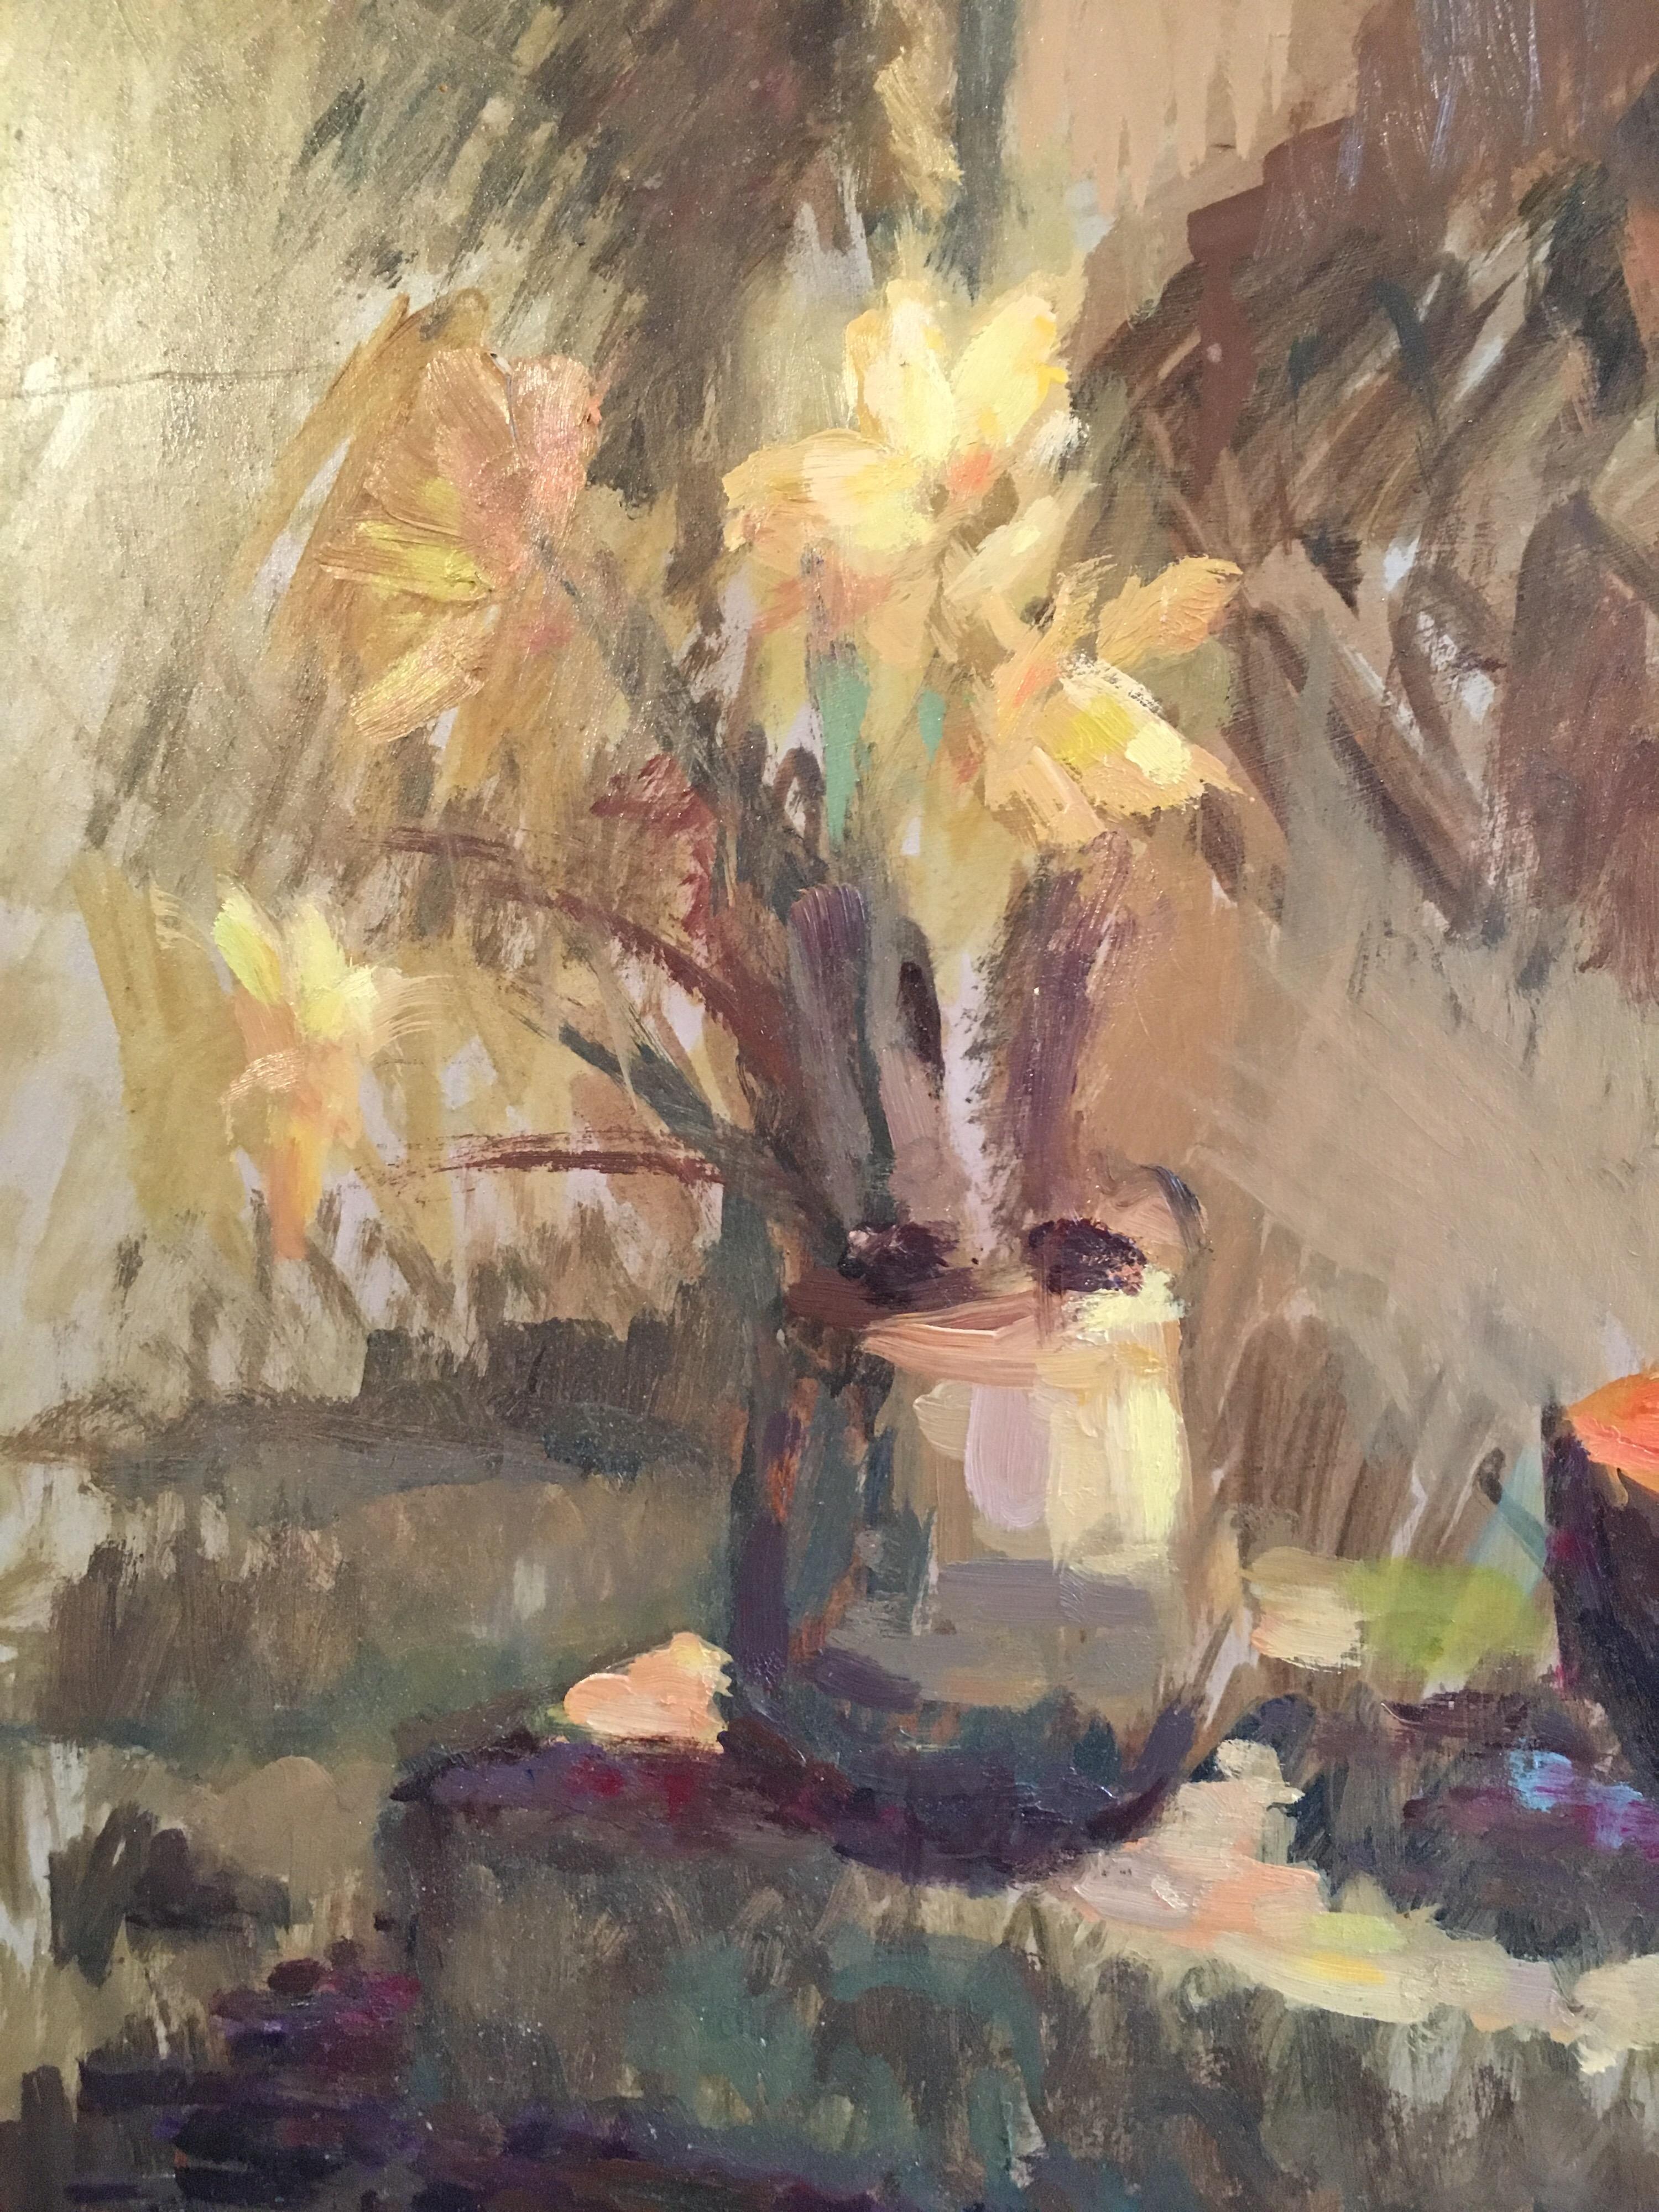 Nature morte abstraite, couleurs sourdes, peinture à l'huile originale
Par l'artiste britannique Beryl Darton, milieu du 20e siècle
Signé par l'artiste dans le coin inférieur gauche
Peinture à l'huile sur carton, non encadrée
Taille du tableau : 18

|---|

## Your instructions
Hand back the data above exactly, leaving out all pictures.

## Response
 Nature morte abstraite, couleurs sourdes, peinture à l'huile originale
Par l'artiste britannique Beryl Darton, milieu du 20e siècle
Signé par l'artiste dans le coin inférieur gauche
Peinture à l'huile sur carton, non encadrée
Taille du tableau : 18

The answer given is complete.